Maybe Jarman Impey moves back to a small forward role, as he did when recovering from his ACL injury?

Lachie Bramble could spend some time on a wing, as well. How many wings do AFL teams, these days?

The positive here is that the Hawks are incredibly deep in terms of rebounding/intercepting defenders. Not so deep in terms of key position backmen (I still don’t think Sic is a genuine key position player – he is just so good, he pulls it off).

The half-back line is going to be a tight squeeze this year. But I am sure the Hawks knew that when they picked up Weddle, right?

Time to jettison one or two from.the Half-Back Mafia into other segments of football society. Anyway… once they’re out, they can always be pulled back in as required. Michael Corleone taught us that.



I had this discussion with one of our West Coast-supporting writers the other day. He was pretty pleased that the Eagles were going to get some marginal improvement this season due to the old heads coming back to add stability. He conceded that they wouldn’t play finals, and expected his team to finish around 12-13 on the ladder.

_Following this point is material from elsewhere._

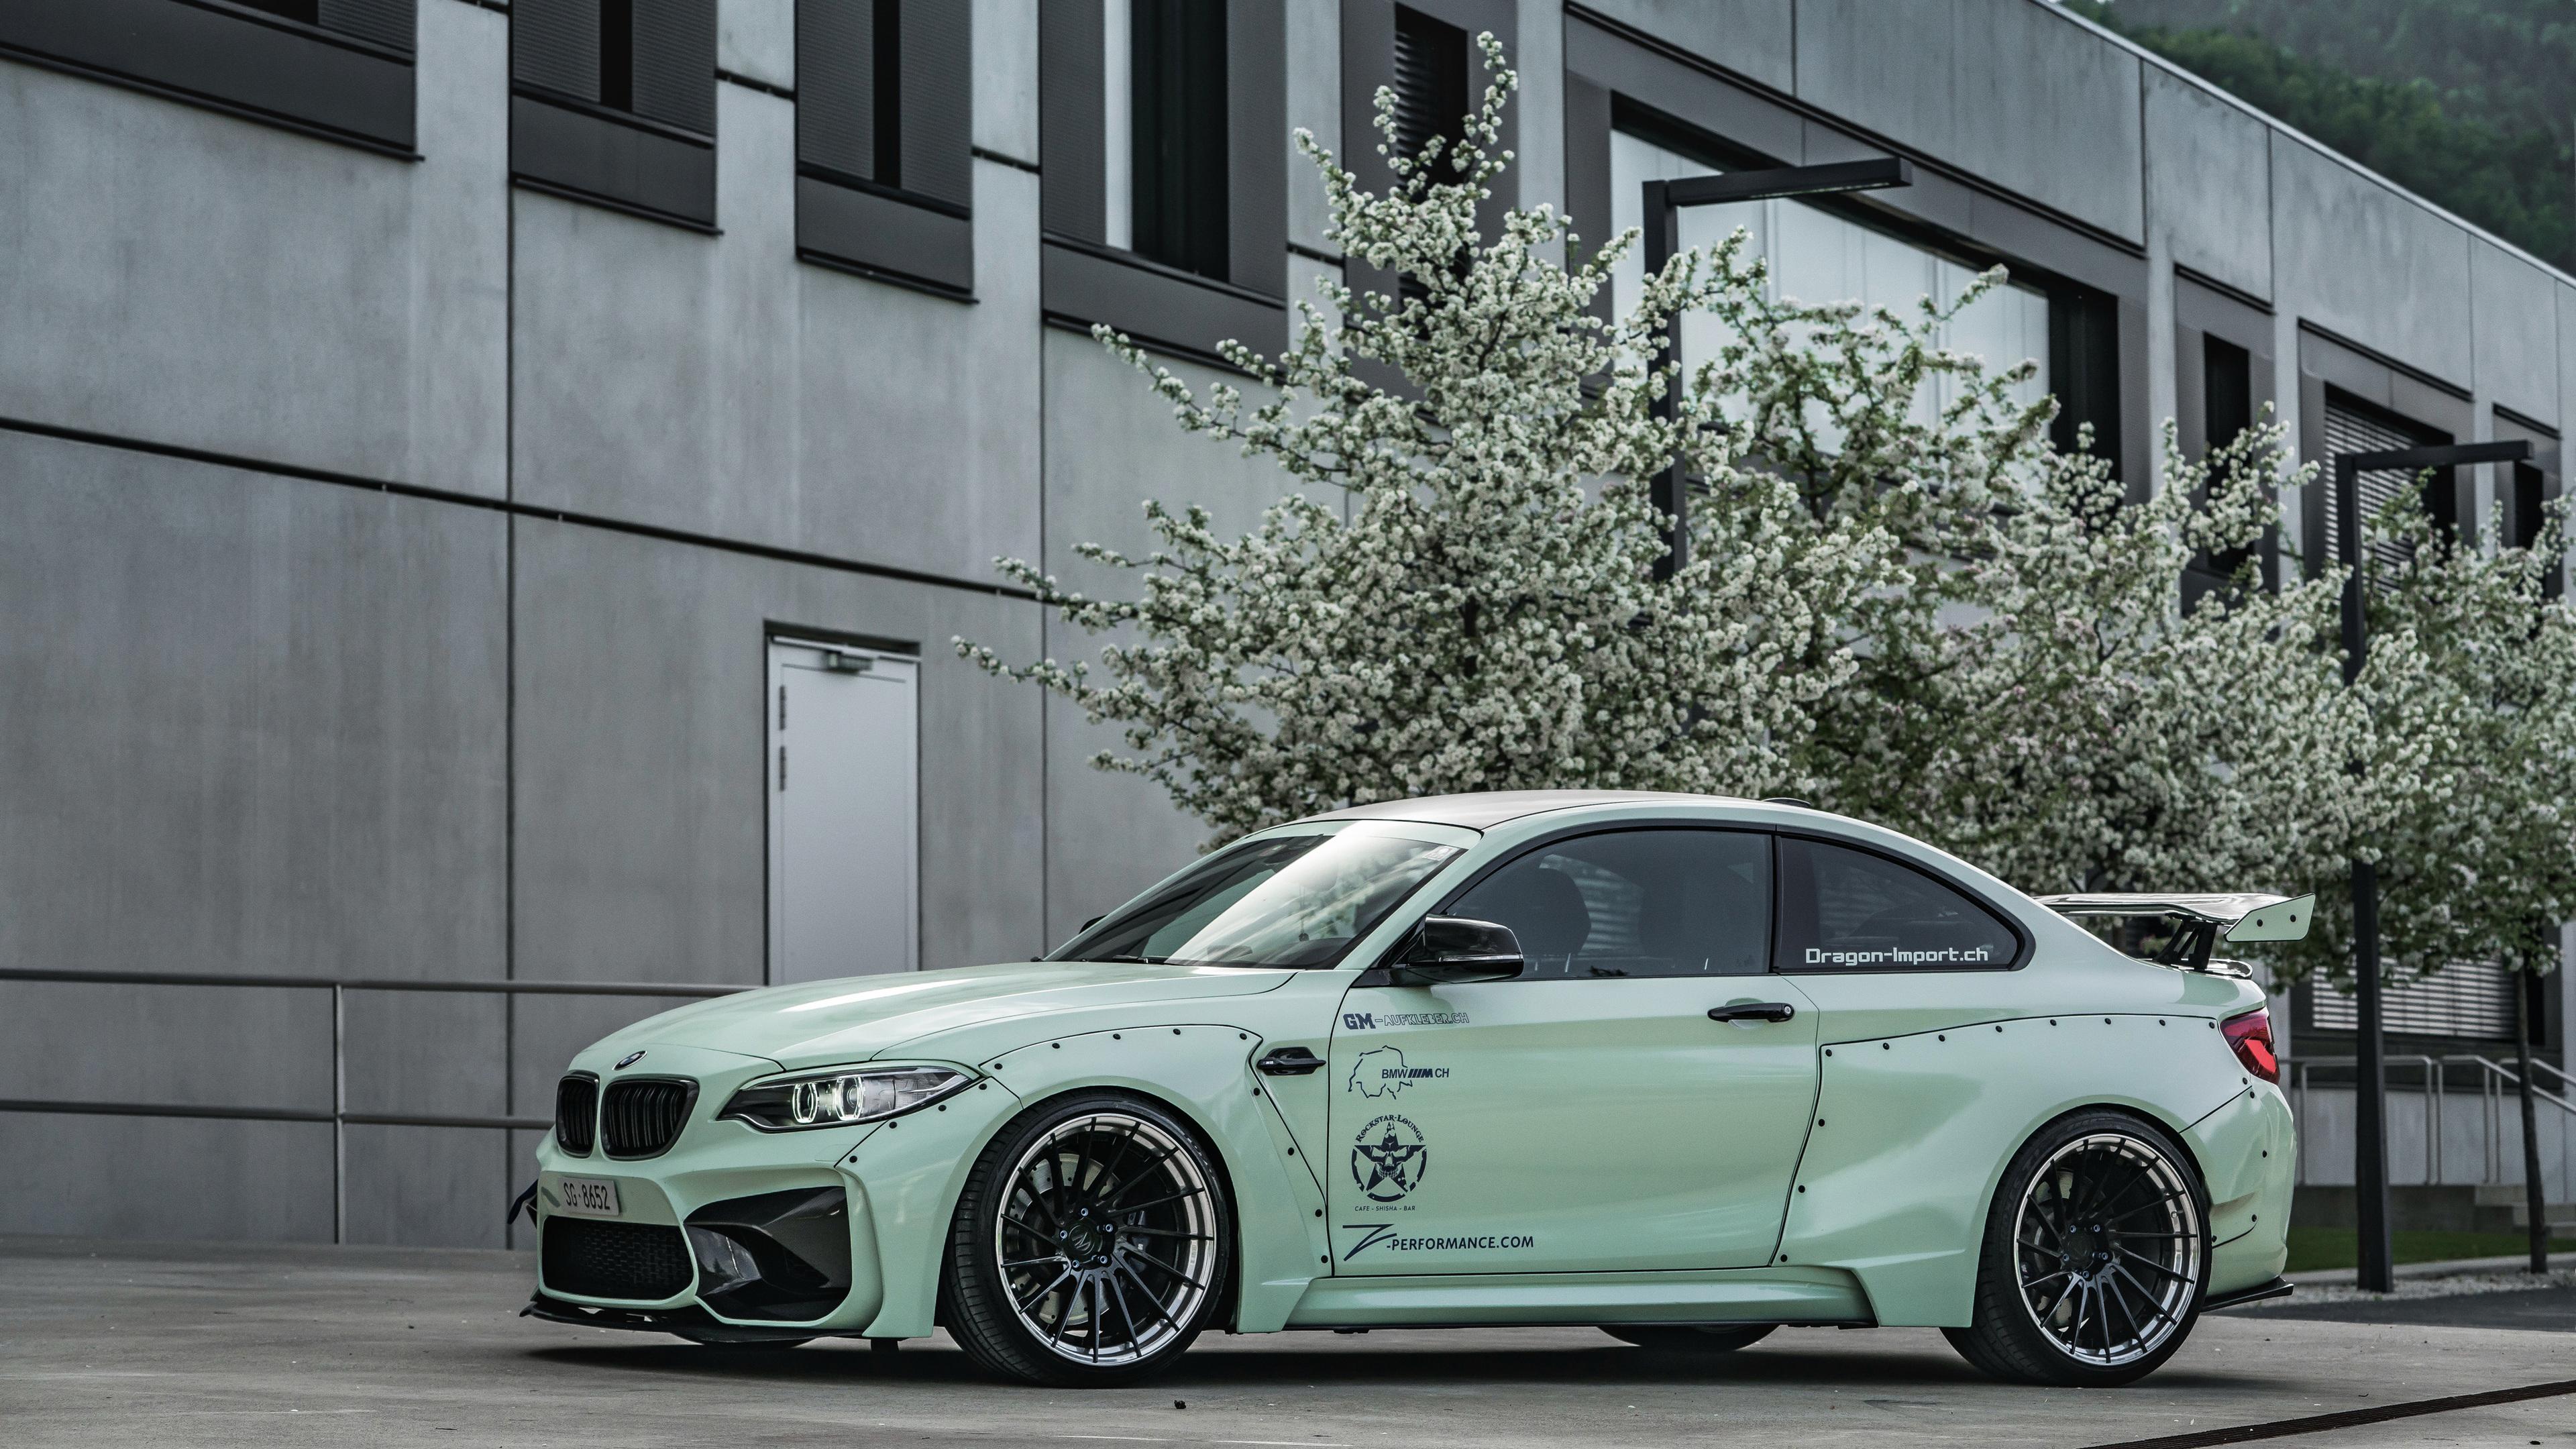 z performance bmw m2 2018 4k 1539111584 - Z Performance BMW M2 2018 4k - hd-wallpapers, cars wallpapers, bmw wallpapers, bmw m2 wallpapers, 4k-wallpapers, 2018 cars wallpapers

I couldn’t understand why he was content with this.


Allow me to explain.

Were starting to hear more and more about the 19th licence coming in as a team from Tassie. There are talks of stadium deals and so on, and there is a lot of momentum around the Apple Isle getting their very own team at some point down the track.

You know what happens when a new team comes into the league?

Concessions, and lots of them. And if you think the AFL will be content with an uneven 19-team competition, think again. There’ll be another addition, with more concessions, until the draft is just one big concession-fest for four straight years.

You don’t want to be bottoming out then.

You want t be bottoming out now, to ensure that when these teams get the nod, you’re up the pointy end competing like the Hawks were in 2011/12 and not being a team in the bottom half, hoping to rebuild via the compromised draft.

So, with that in mind, is five wins enough to keep you happy this season?

With the 2023 National Draft already being touted as a big one for key position players, a pick in the top three (legitimate top three… not pick five after father/son nominations) would set the Hawks up brilliantly, however, it is a delicate balance. I take you back to the unsigned talent above – there would have to be a couple looking for something to hold onto at Hawthorn. Will Day has not seen the club finish above 13th. Dylan Moore hasn’t seen Hawthorn finish above ninth. They want success and have to see a pathway toward it. If the Hawks are just a team continually sitting in the bottom half of the ladder, maybe success elsewhere becomes a little more attractive.

And therein lies the issue – you have to sell the dream, let them see it and almost taste it… enough to keep them believing you’re on the right track.

Would five wins do the exact opposite?

North Melbourne and West Coast both finished on two wins apiece in 2022. Neither will be that poor again. Is a top three pick worth a season of pain? And how long can the Hawks convince their young talent that this is all just part of the plan?